For every line below, restate it exactly and drop the images.

═══ Exercise data ═══

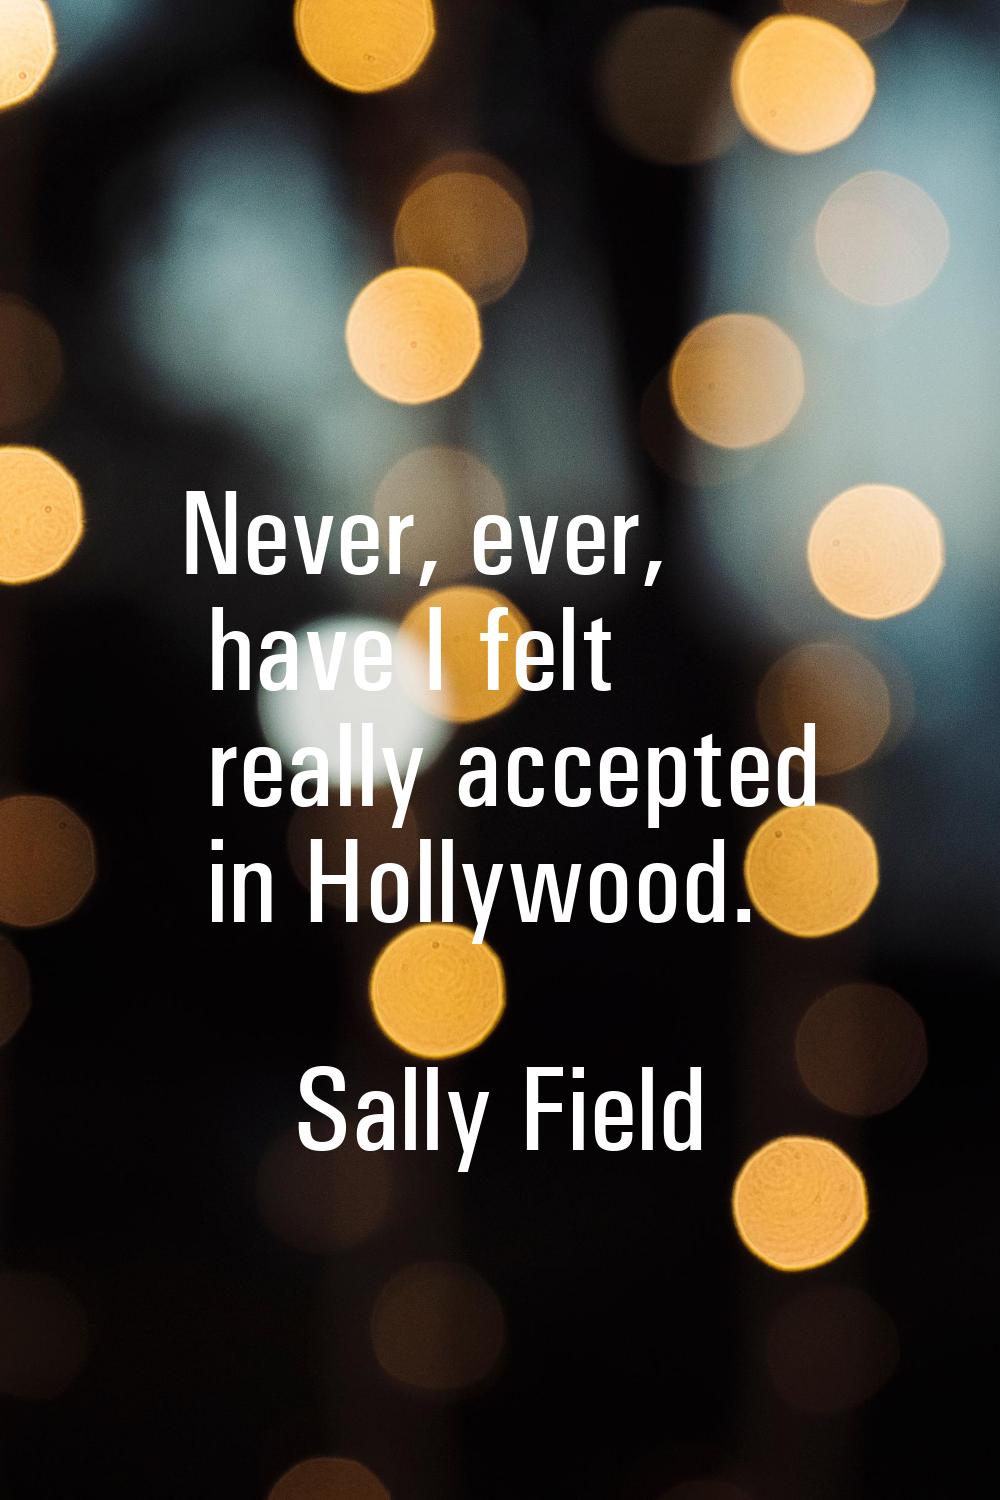 Never, ever, have I felt really accepted in Hollywood.
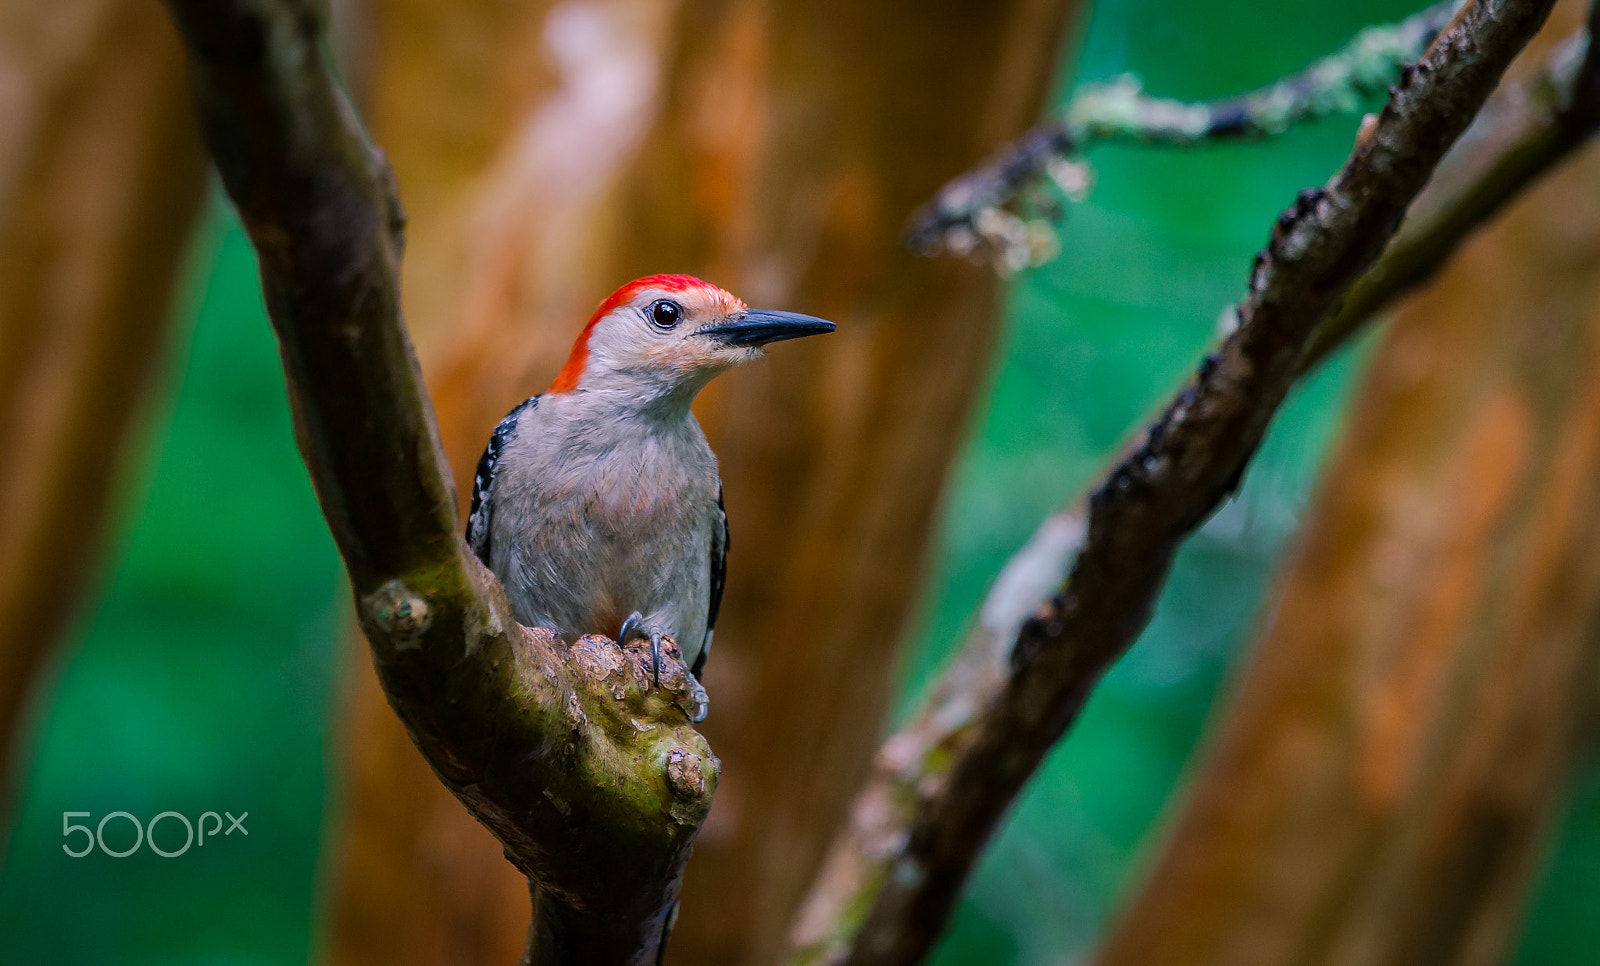 Sony a99 II sample photo. Red-bellied woodpecker photography
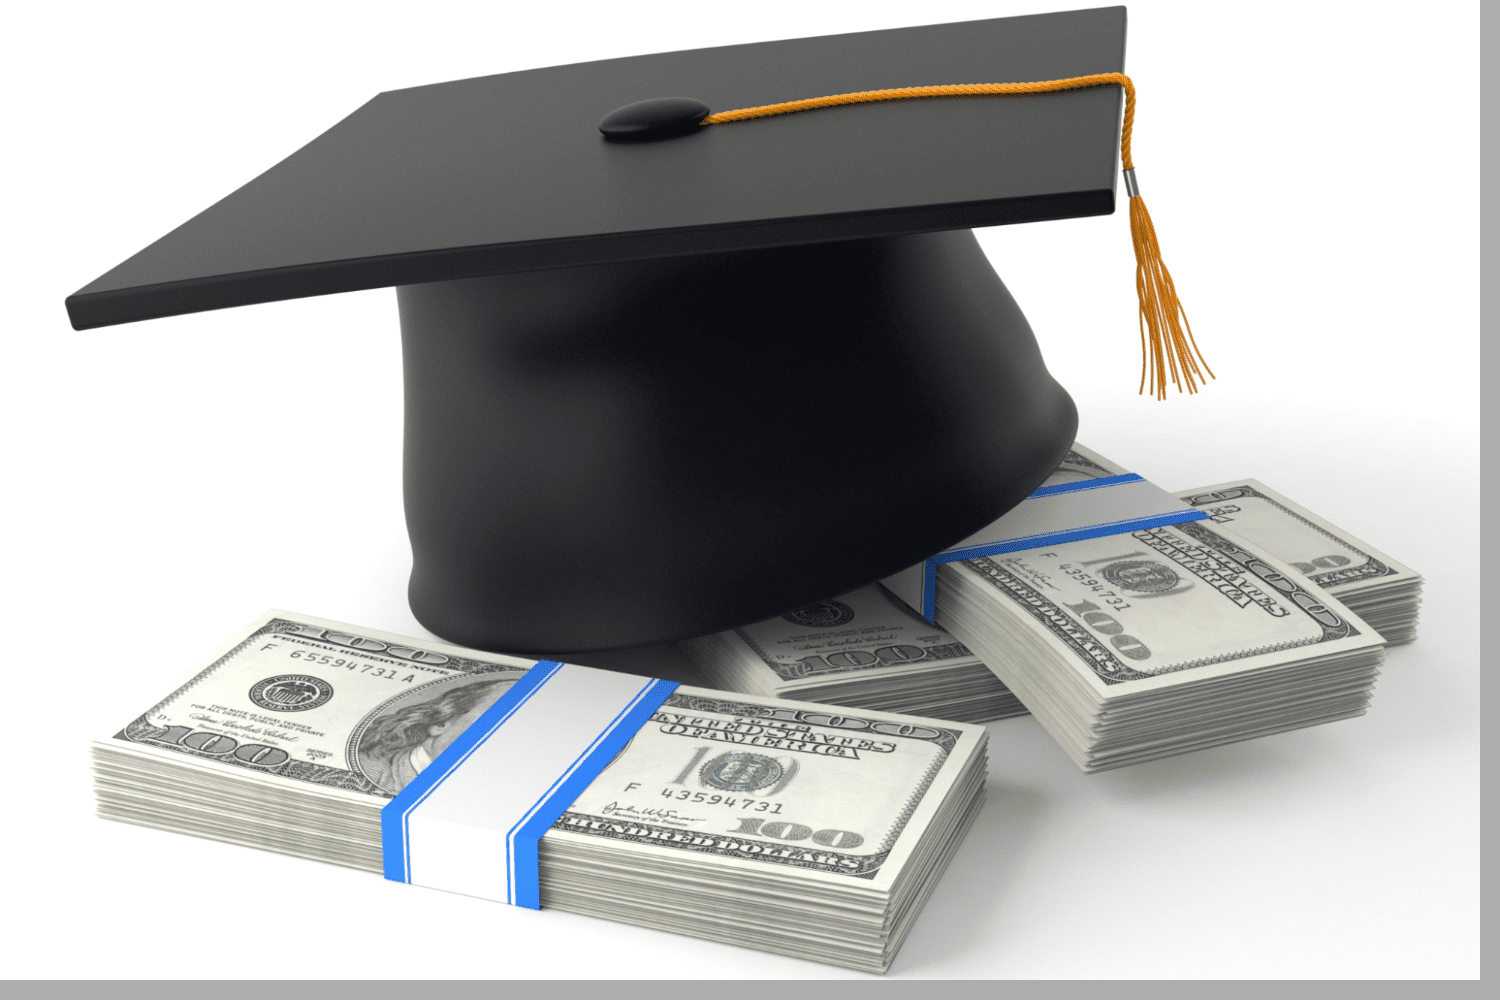 Student Loans: If You Are Looking To Succeed, Start With This Article

═══

Result of this exercise:
 Never, ever, have I felt really accepted in Hollywood.
 Sony a99 II sample photo. Red-bellied woodpecker photography
 Student Loans: If You Are Looking To Succeed, Start With This Article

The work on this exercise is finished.